AoAH Day 7: Converting between JSON and Yaml with yamlt / Dec 2025
After the excitement of building an entire
Approach
I used all the previous tricks learnt so far, with all the dependent libraries available in the source tree for the agent to browse. The source code to jsont was absolutely essential, since the agent needed to learn how to traverse the jsont codecs to build a different (yaml) translator.
One thing that was essential was guidance on how to do certain conversions where the results are ambiguous. For example, null handling in Yaml is much more permissive than in JSON, so I opted for any dictionary or array types to resolve nulls in the Yaml to the empty dictionary. It would also be ok to just raise an error in that case, but it seems safer to try to recover from what a human might do.
Tests
As before, cram tests are a very effective way of exercising codepaths. I got the agent to generate a comprehensive suite of cram tests that do things like:
Encode arrays to JSON and YAML formats
$ test_arrays encode
JSON: {"numbers":[1,2,3,4,5],"strings":["hello","world"]}
YAML Block:
numbers:
- 1
- 2
- 3
- 4
- 5
strings:
- hello
- world
YAML Flow: {numbers: [1, 2, 3, 4, 5], strings: [hello, world]}
And also negative results:
Attempting to decode an object file with an array codec should fail
$ test_arrays int ../data/objects/simple.yml
JSON: int_array: ERROR: Missing member values in Numbers object
File "-", line 1, characters 0-28:
YAML: int_array: ERROR: Missing member values in Numbers object
File "-":
Which is a convenient way of checking that location tracking is working.
Results
This all worked fairly straightforwardly. The Yamlt interface even includes support for multidocument Yaml files:
val decode_all :
?layout:bool ->
?locs:bool ->
?file:Jsont.Textloc.fpath ->
?max_depth:int ->
?max_nodes:int ->
'a Jsont.t ->
Bytes.Reader.t ->
('a, string) result Seq.t
(** [decode_all t r] decodes all documents from a multi-document YAML stream.
Returns a sequence where each element is a result of decoding one document.
Parameters are as in {!val-decode}. Use this for YAML streams containing
multiple documents separated by [---]. *)
There's a lot going on this function, but it's easy to use. The optional parameters control details like Yaml layout and location tracking and defence against billion laughs attacks, but ultimately accept the jsont codec and a Yaml bytesrw source and give the result back as a lazy Seq.t.
Reflections
Using this library is very easy.
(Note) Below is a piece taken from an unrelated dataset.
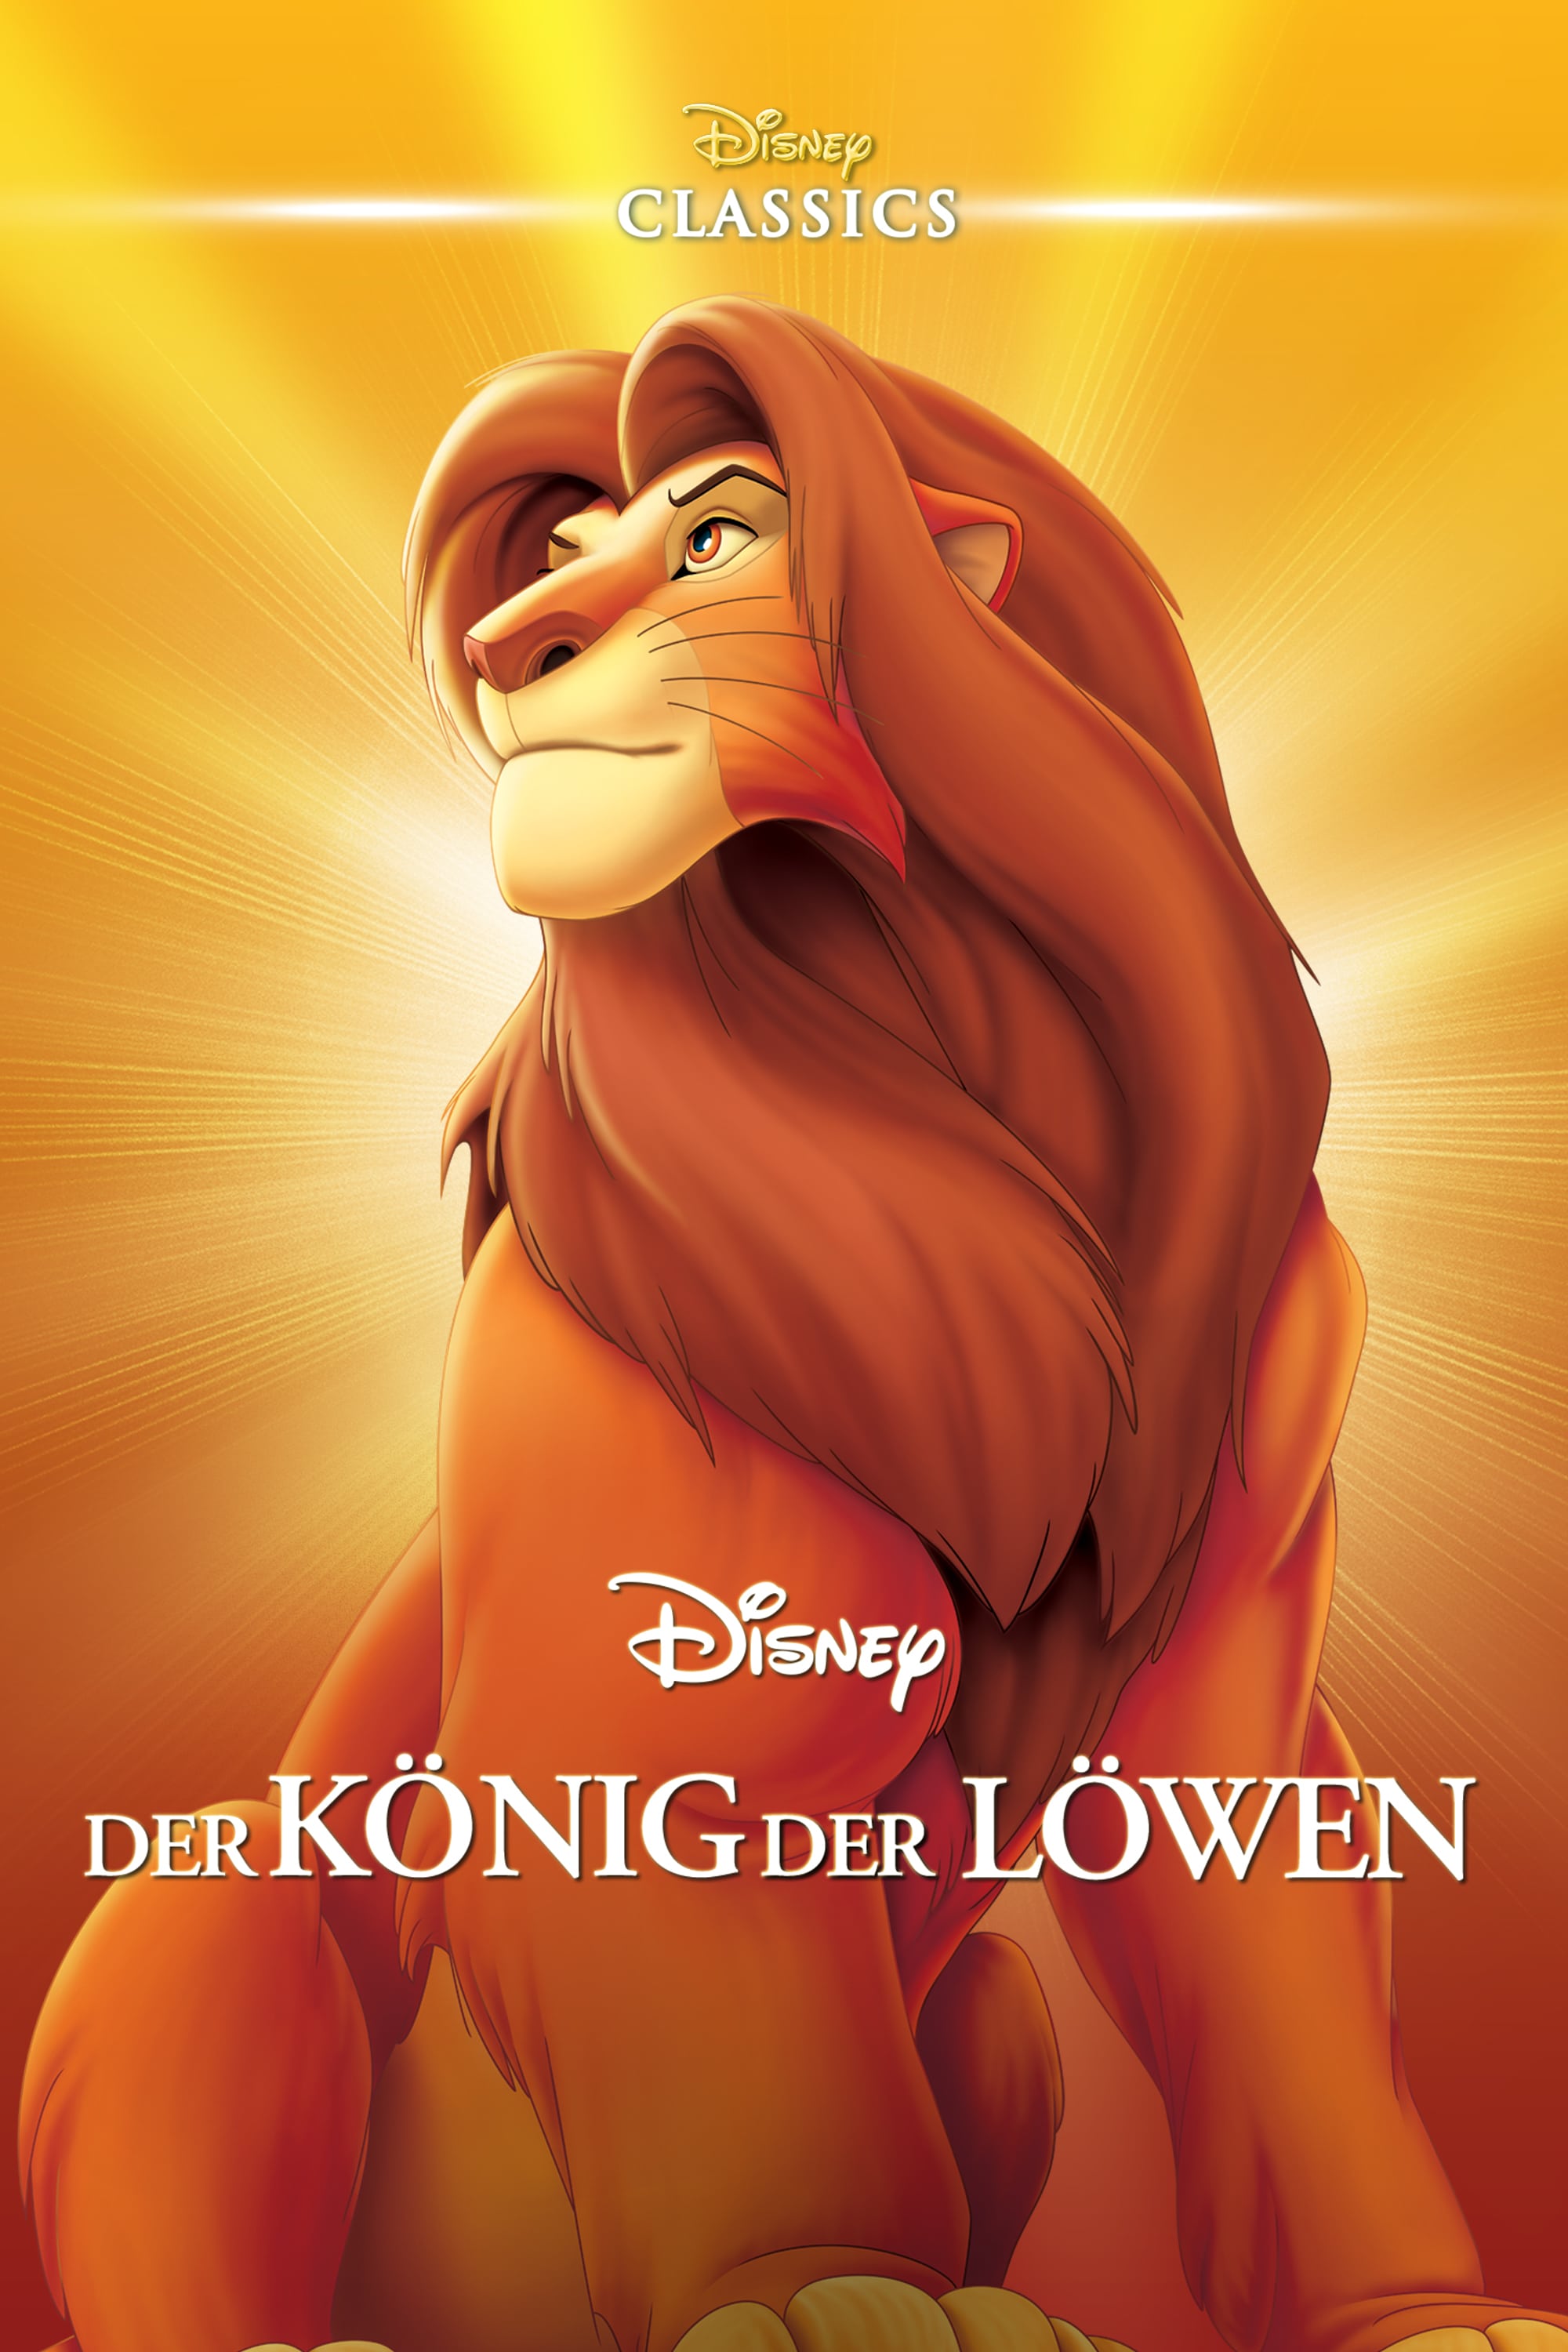 Plakat von "Der König der Löwen"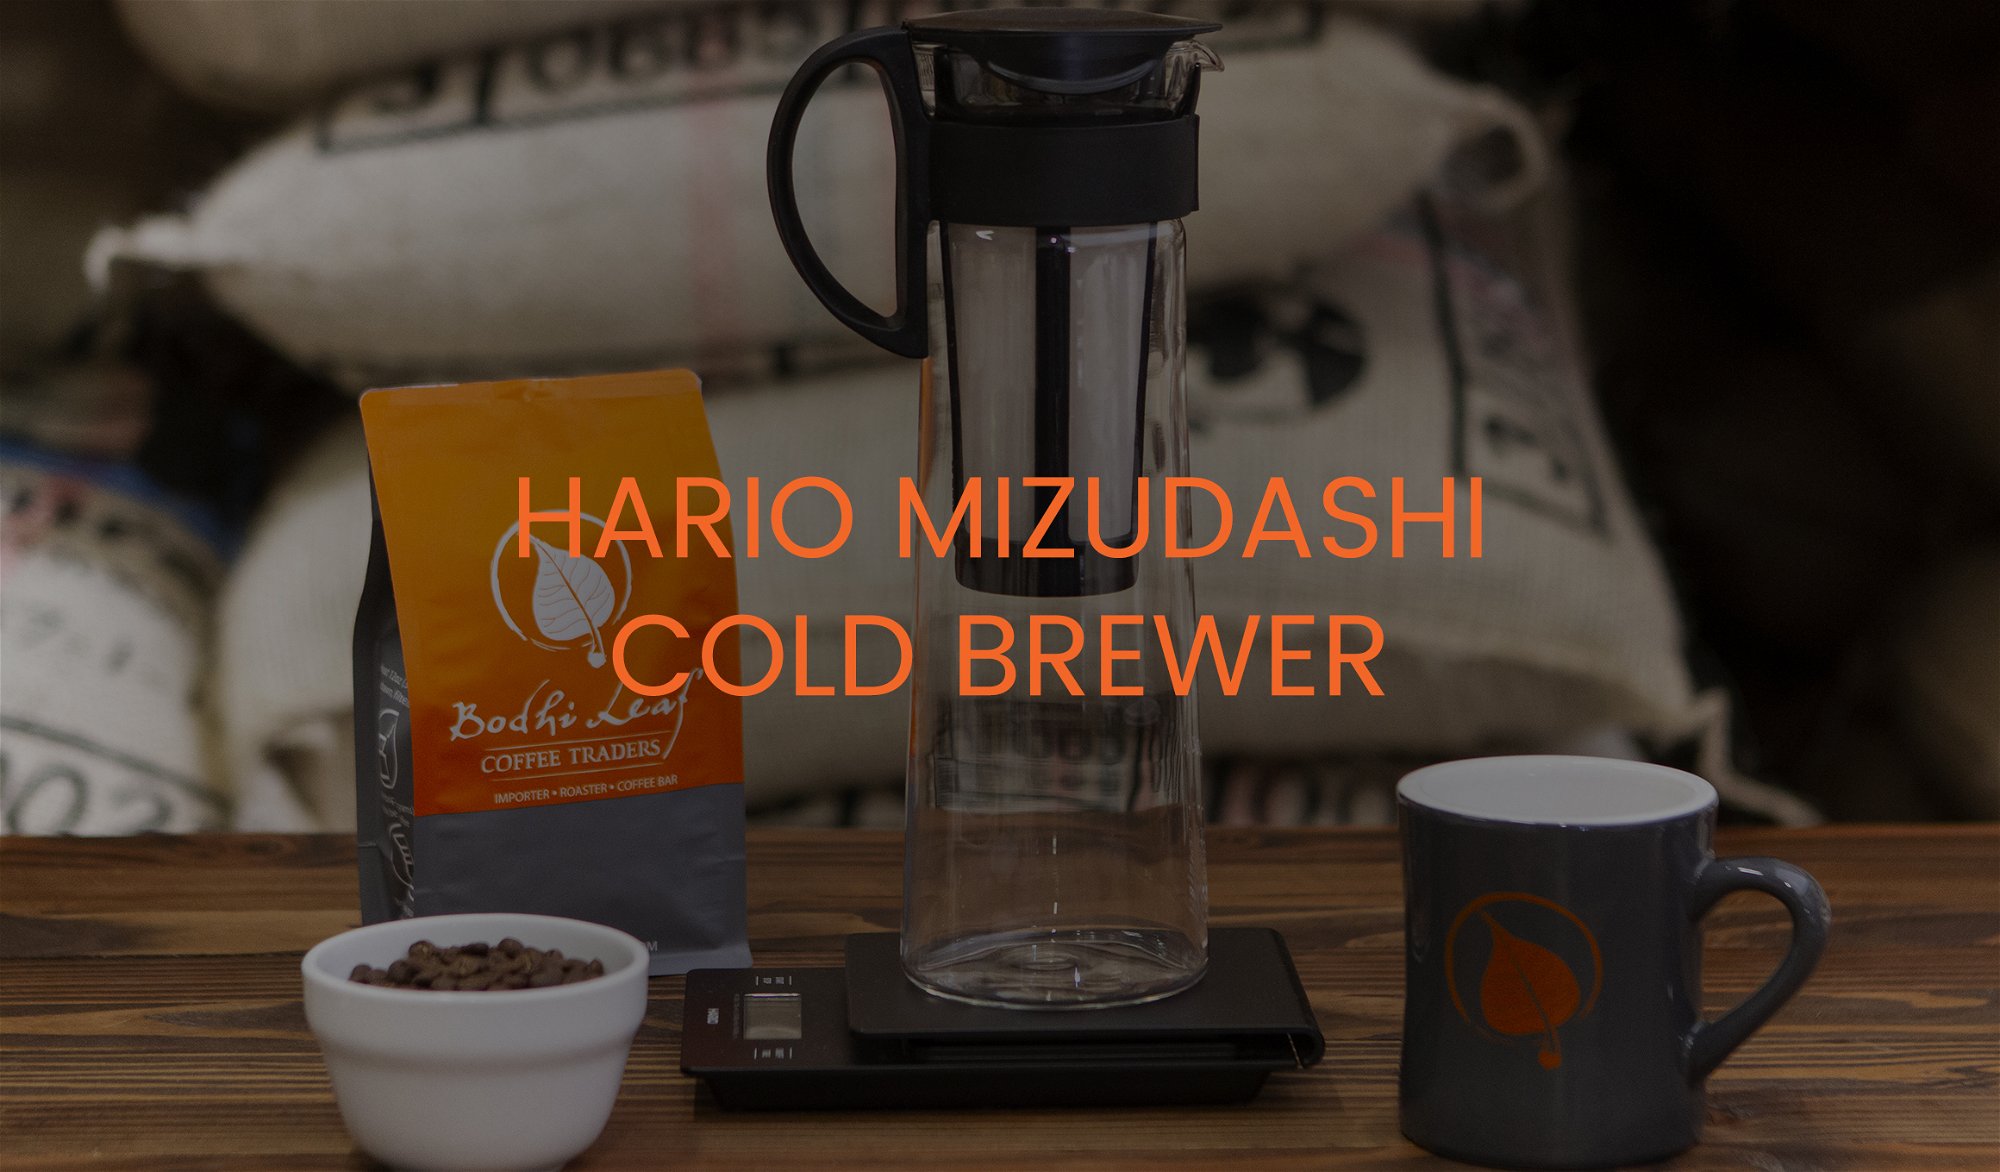 HARIO MIZUDASHI COLD BREWER

The example code illustrates this:
module Config = struct
type t = { name : string; port : int }
let make name port = { name; port }
let jsont =
Jsont.Object.map ~kind:"Config" make
|> Jsont.Object.mem "name" Jsont.string ~enc:(fun c -> c.name)
|> Jsont.Object.mem "port" Jsont.int ~enc:(fun c -> c.port)
|> Jsont.Object.finish
end
(* Use the same codec for both JSON and YAML *)
let from_json = Jsont_bytesrw.decode_string Config.jsont json_str
let from_yaml = Yamlt.decode_string Config.jsont yaml_str
I've started using yamlt in my website code without issue. It's very convenient being able to describe a format as a jsont codec (which take care of conversion to OCaml types and a concrete wire format), but then also exposing this as Yaml for easier human editing. The line number tracking means that it's much easier for me to trace back errors, thanks to jsont being so careful about this in its implementation and interface.